This article is the first part of the series around Self-Supervised Learning. No knowledge is required to understand the main message this article is trying to get across. Nevertheless, since most of the methods presented above are based on Siamese networks, if you feel you need it, you can read our blog post on the subject beforehand. The experimentations described in the article were carried out by building on the well-known library lightly by Susmelj et al. (2020).

Introduction

Over the past decades, we have witnessed a dramatic surge in data availability, thanks to new data formats beyond text (images, audio, videos, surveys, sensors, etc.), emerging technologies (data storage, social media, Internet of Things, data transfer, etc.), and data duplication. Drawing inferences from such big data using traditional techniques has been challenging. However, supervised learning techniques have become the go-to approaches for constructing predictive models with higher accuracy, surpassing human-level performance in recent years.
Despite the success of these approaches, they often depend on extensive labeled data. Labeling data can be a lengthy, laborious, tedious, and costly process compared to how humans approach learning, often making the deployment of ML systems cost-prohibitive. Therefore, the recurring question has been how to make inferences in a supervised learning setting with minimal labeled data. Current approaches to tackling this challenge rely on unsupervised and self-supervised learning techniques. Both self-supervised and unsupervised learning methods don't require labeled datasets, making them complementary techniques.
This article focuses on self-supervised techniques for classification tasks in computer vision. In the following sections, we delve into what self-supervised learning is, provide some literature on this burgeoning research topic, list self-supervised learning methods used in this article, describe experiments on public data, and finally, report results.



What is self-supervised learning?

Self-supervised learning (SSL) is a type of machine learning in which a model learns to represent and understand the underlying structure of data by making use of the inherent patterns and relationships within the data itself, rather than relying on explicit labels or annotations.
In SSL, the model is trained on a task that is automatically generated from the input data, such as predicting the missing parts of an image, predicting the next word in a sentence, or transforming an image into another modality like text or sound. By solving these tasks, the model learns to capture the underlying structure of the data and can generalize to new, unseen data.
The key to SSL is that it pre-trains the deep neural networks on large datasets, and then fine-tuned them for specific downstream tasks such as classification, object detection, and language modelling. It has been used to achieve state-of-the-art results on various tasks in computer vision, natural language processing, and speech recognition (see Section literature review below).
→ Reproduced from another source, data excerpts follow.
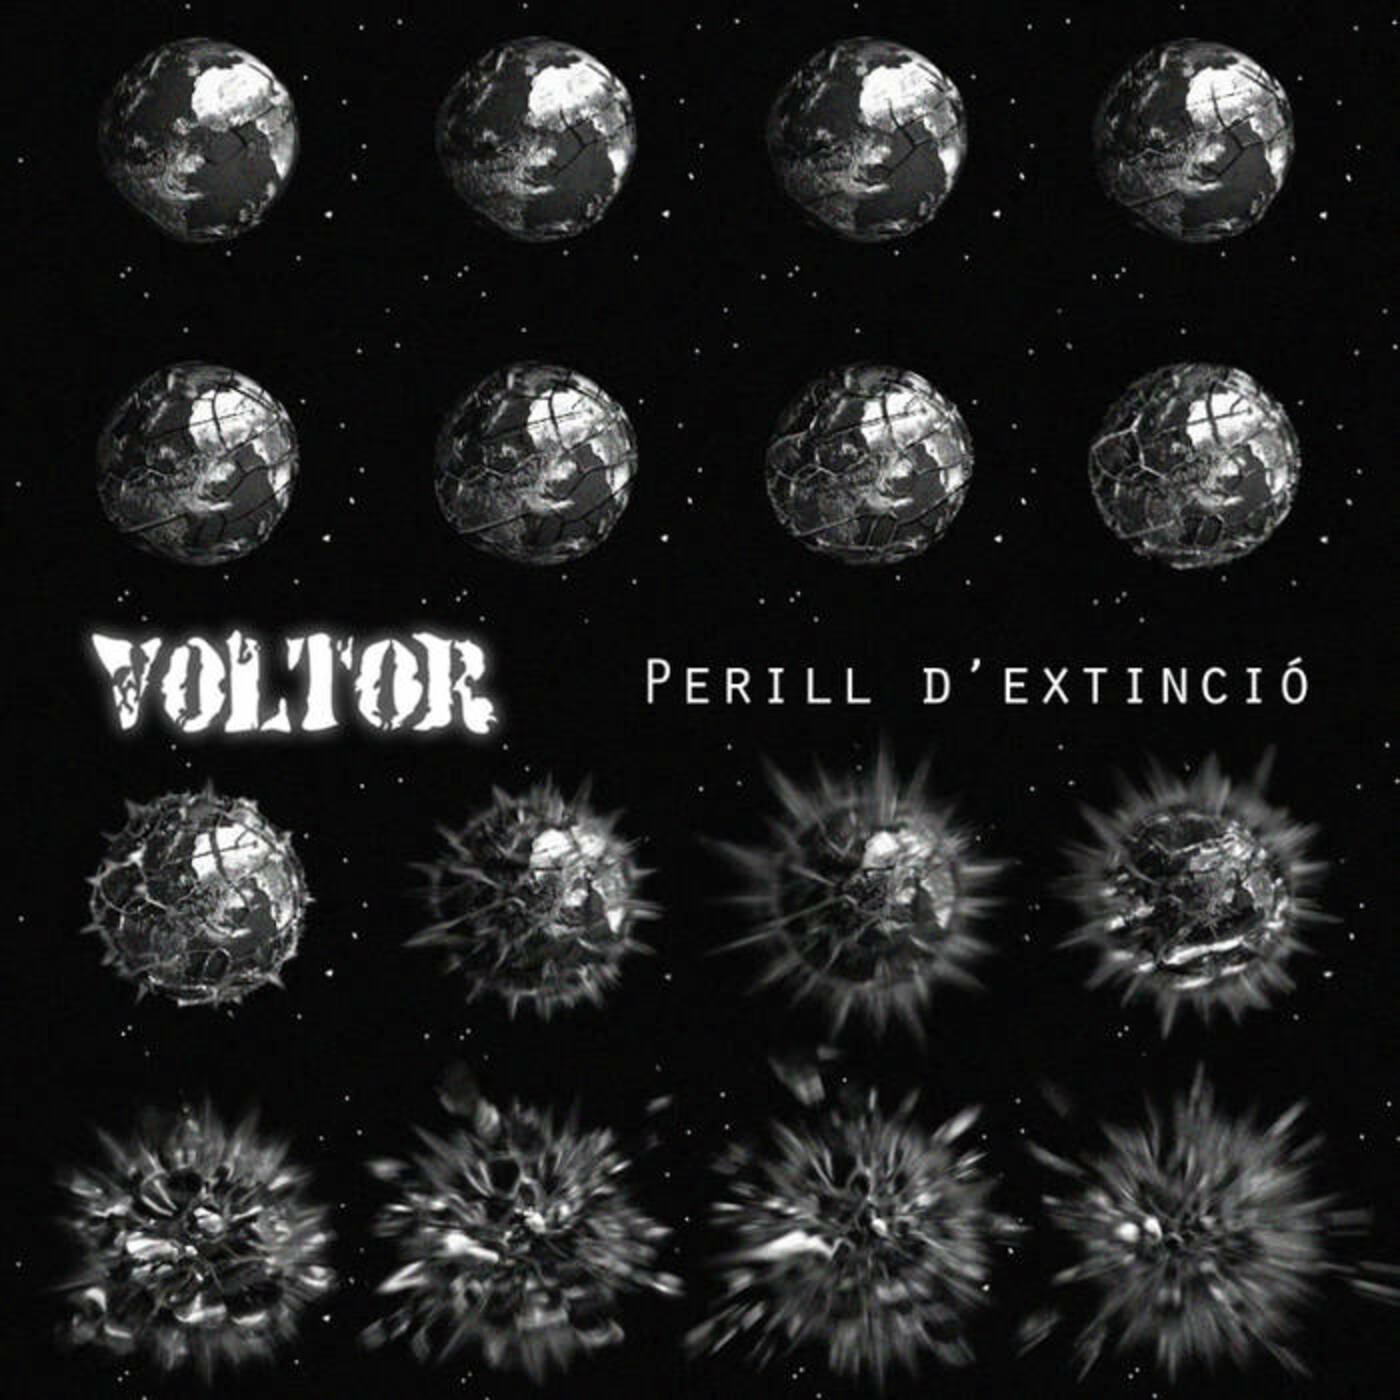 Voltor - Perill d'extinció | musica en valencià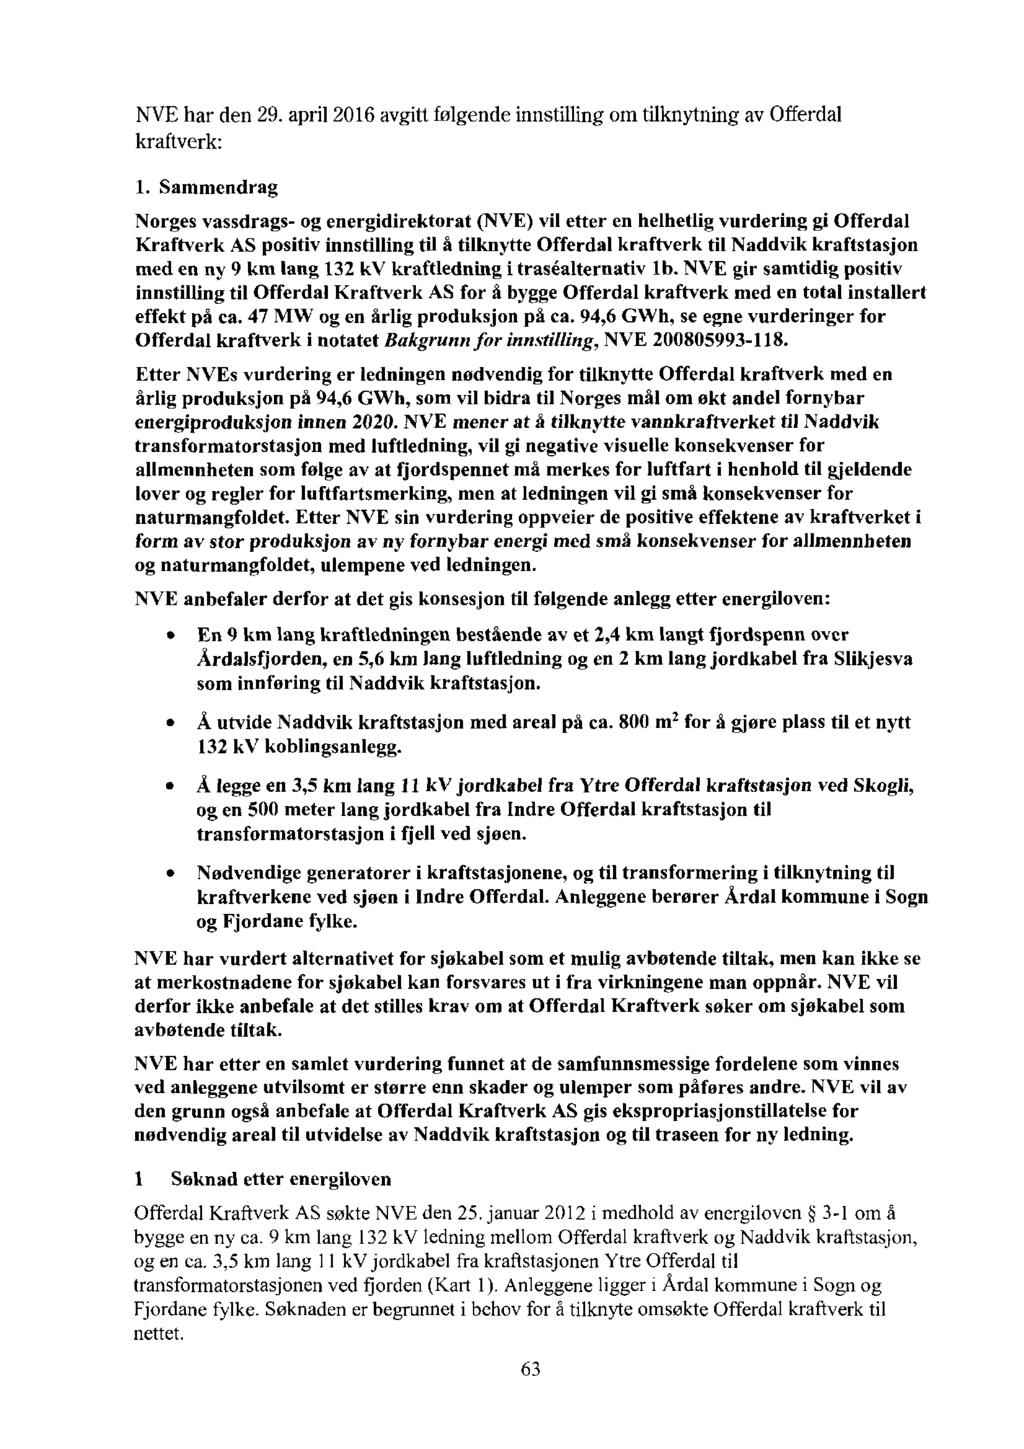 NVEhar den 29. april 2016 avgitt folgende innstilling om tilknytning av Offerdal kraftverk: 1.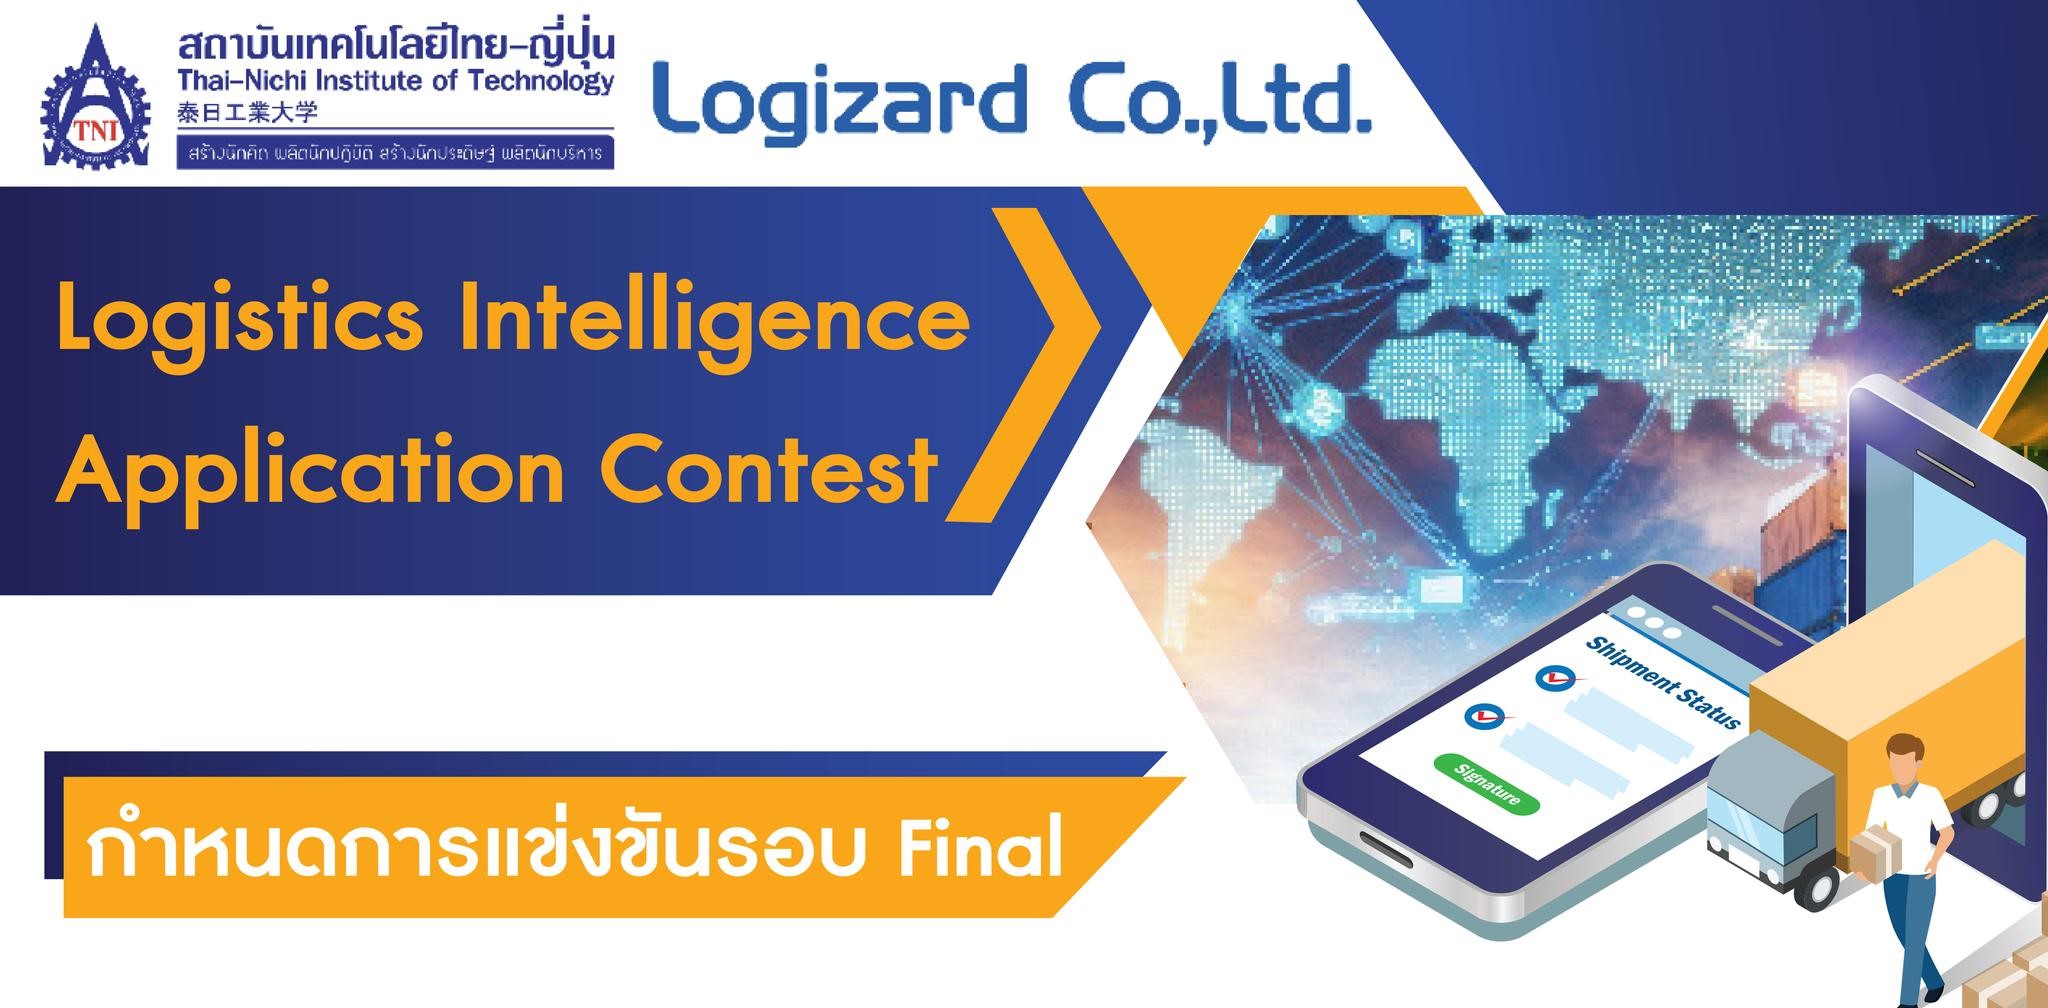 泰日工業大学 × ロジザード　タイにおいてロジスティクスに関するアプリ開発コンテスト開催のご報告

SSL techniques include but are not limited to:
1. Contrastive learning involves training a model to distinguish between similar and dissimilar examples. It learns to map similar examples closer together in a latent space while pushing dissimilar examples further apart.
2. Autoencoders train a model to encode an input into a compact latent representation and then decode it back into the original input. By minimizing the difference between the input and the reconstructed output, the model learns to capture the underlying structure of the data.
3. Generative model techniques train a model to generate new examples that are similar to the input data. Variational Autoencoders (VAEs) and Generative Adversarial Networks (GANs) are commonly used generative models in self-supervised learning.
4. Multitask learning techniques train a model on multiple related tasks simultaneously, leveraging the shared structure between the tasks to improve the model's ability to capture the underlying structure of the data.
5. Predictive coding by Millidge et al (2022) : This technique trains a model to predict the next frame in a video or the next word in a sentence, based on the previous frames or words. By doing so, the model learns to capture the temporal structure of the data.
6. Non-Contrastive Learning refers to techniques that do not rely on explicit comparisons between examples to learn representations. Instead, these methods use other types of learning signals to train the model.


Our primary focus here is on contrastive and non-contrastive methods. We will assess the performance of selected methods on various image datasets for classification tasks.



Literature review

The most comprehensive and well-organized review we have identified is the community-driven one hosted by Jason Ren. There, you will find the most relevant articles/presentations on this subject, categorized for easy navigation. His repository includes links to detailed blogs, to which we can add articles by blog from FAIR, Neptune.ai and v7labs.


Methods considered

SimCLR (Simple Contrastive Learning of Representations) by Chen et al. (2020)

SimCLR learns representations by maximizing the agreement between different augmented views of the same image while minimizing the agreement between different images. Specifically, SimCLR uses a contrastive loss function that encourages representations of the same image to be close together in a high-dimensional embedding space, while pushing representations of different images further apart. The idea is that if two different views of the same image produce similar representations, these representations must capture useful and invariant features of the image (see Figure 1).

Figure 1: SimCLR’s architecture


SimSiam (Exploring Simple Siamese Representation Learning) by Chen et He (2020)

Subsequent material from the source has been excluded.